MV: So that was my little attempt to try to communicate that there’s something else going on here than just pure poetry. But, yeah, the alien creature recognises, obviously, a lot of the light and the dark we have in and on our planet, but also the unbelievable beauty — recognises both. And that’s also the reason why I felt the Dante parallel was important because in a way, this other person, this alien creature, is trying to perceive those things through humanity and, of course, water and light.
CA: What about the Sibylline? I wanted to ask you about art and poetry and process. It’s so beautiful. Can you talk about the connection between art and poetry, ekphrasis?
MV: I’m hugely informed by art, but I wouldn’t say it’s my main influence in poetry. I’m more interested in consciousness through history and, in general, the evolution of the human mind. And, so, obviously key periods like the Renaissance have changed humanity forever. I think that’s really my first instinct, that that’s where Sibylline comes from. It’s about trying to understand why this incredible beauty. And of course, it didn’t pop out overnight. No, no, no. And that’s the way a lot of things seem in human history. For example, when did Christianity become a dominant religion? Christianity probably became a dominant religion by about, what, 500 AD, maybe 600, something like that. And supposedly Jesus died at zero. But, you know, obviously, that’s up for speculation. But the best soap operas are all informed by the Bible. In fact, someone took the rest of humanity’s steam away by writing that book so bloody early. So, you know, every General Hospital and ER show is basically a retelling of the Bible on some level.
CA: Yeah, it’s got almost everything. It’s hard to come up with something that doesn’t trace back to the Bible — even prose poetry. You know, my love, my big love. You’ve got Song of Songs and you’ve got poetic prose in the Bible.
MV: Well, another thing that’s important is how I feel about writing poetry. It needs to be something that can only be communicated in the medium in which it is presented. It needs to be something that is as vital as you can make it, linguistically complex, yet clear enough to follow and have a great song.
CA: So, let me ask you one last question and it’s a fun one. I want to end on an upbeat discussion of poetry and food. Do you ever think of how they connect because they are both loves of yours?

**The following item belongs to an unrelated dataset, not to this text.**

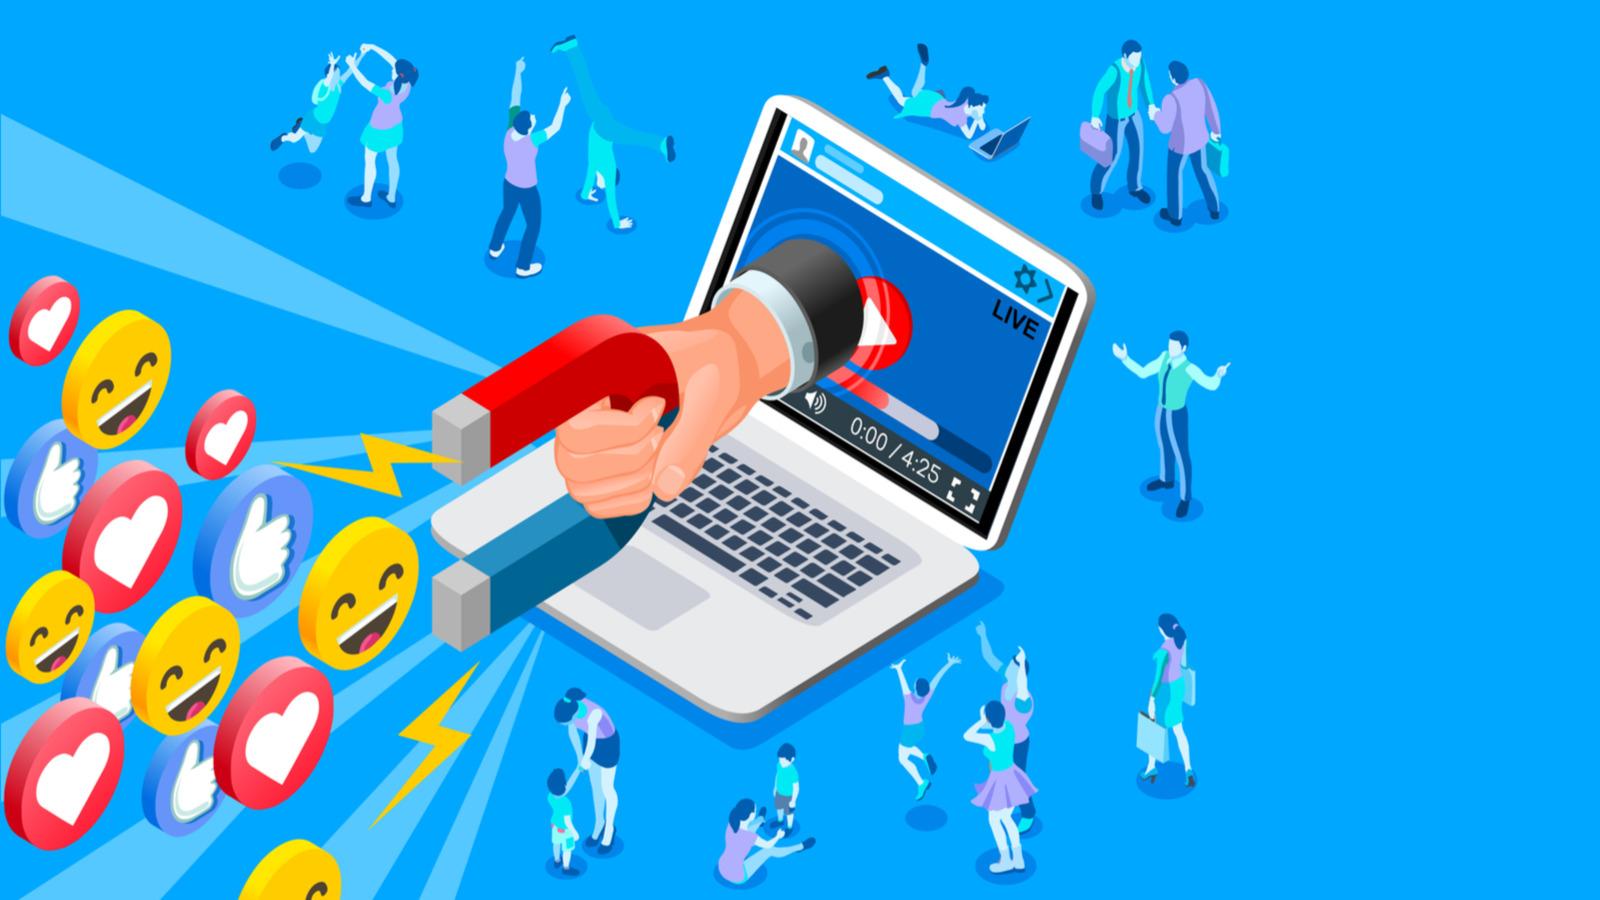 Social media marketing ideas for Shopify brands
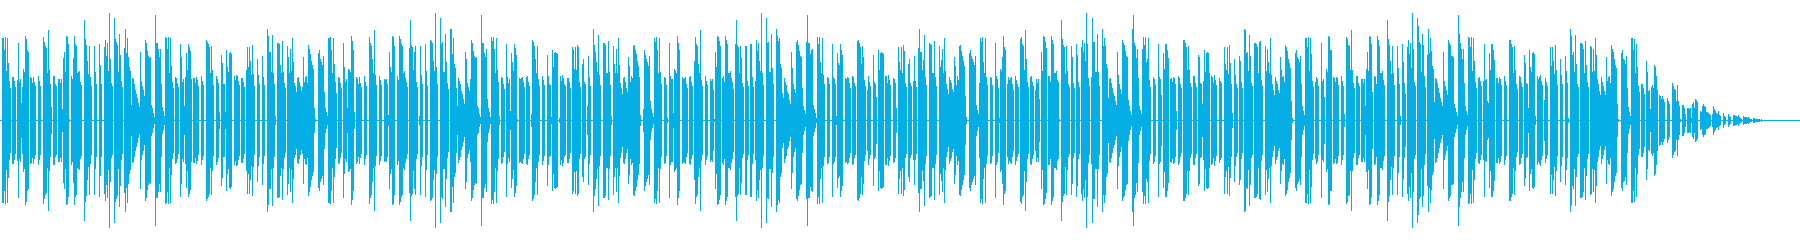 NES 汎用 B02-1(ステージ) の再生済みの波形

MV: Absolutely. Absolutely. A friend of mine from college, Ted Determan, who runs a marketing company in DC keeps on telling me you should do a poetry cooking show. And he said, you would get the whole poetry and cooking market all tuning into you. But how am I going to do it? Set up a video .... That’s complicated.
CA: And that’s a great idea.
MV: It is. Maybe later. But let me tell you, I’m working on my book now called Coalition, which I’m probably about three quarters of the way through. My next book planned is actually More Animal Poems. That’s the title of the book. And then, after that, I’m going to do a book of poetry and food. I think it’s also important to have some kind of ecological thought about it. So, I’ll definitely get more food in the poetry. There’s no doubt!
CA: Well, thank you for your time. You mentioned doing another interview where we talk about your mother’s family history. Sadly, she’s passed away, hasn’t she? I read in one of your books somewhere that she’s buried in Massachusetts.
MV: Right in our garden. Under the apple tree.
CA: Oh, that’s nice.
MV: Milly [Vincenz’s dog, named after Emily Dickinson] sits on her grave all the time, you know.
CA: Oh, she’s beautiful. That’s so nice.
MV: So, maybe there is something more than the nothingness.
CA: I’m going to hold onto — what did you call it — a little star room, or something, where we will get to meet. That sounds nice.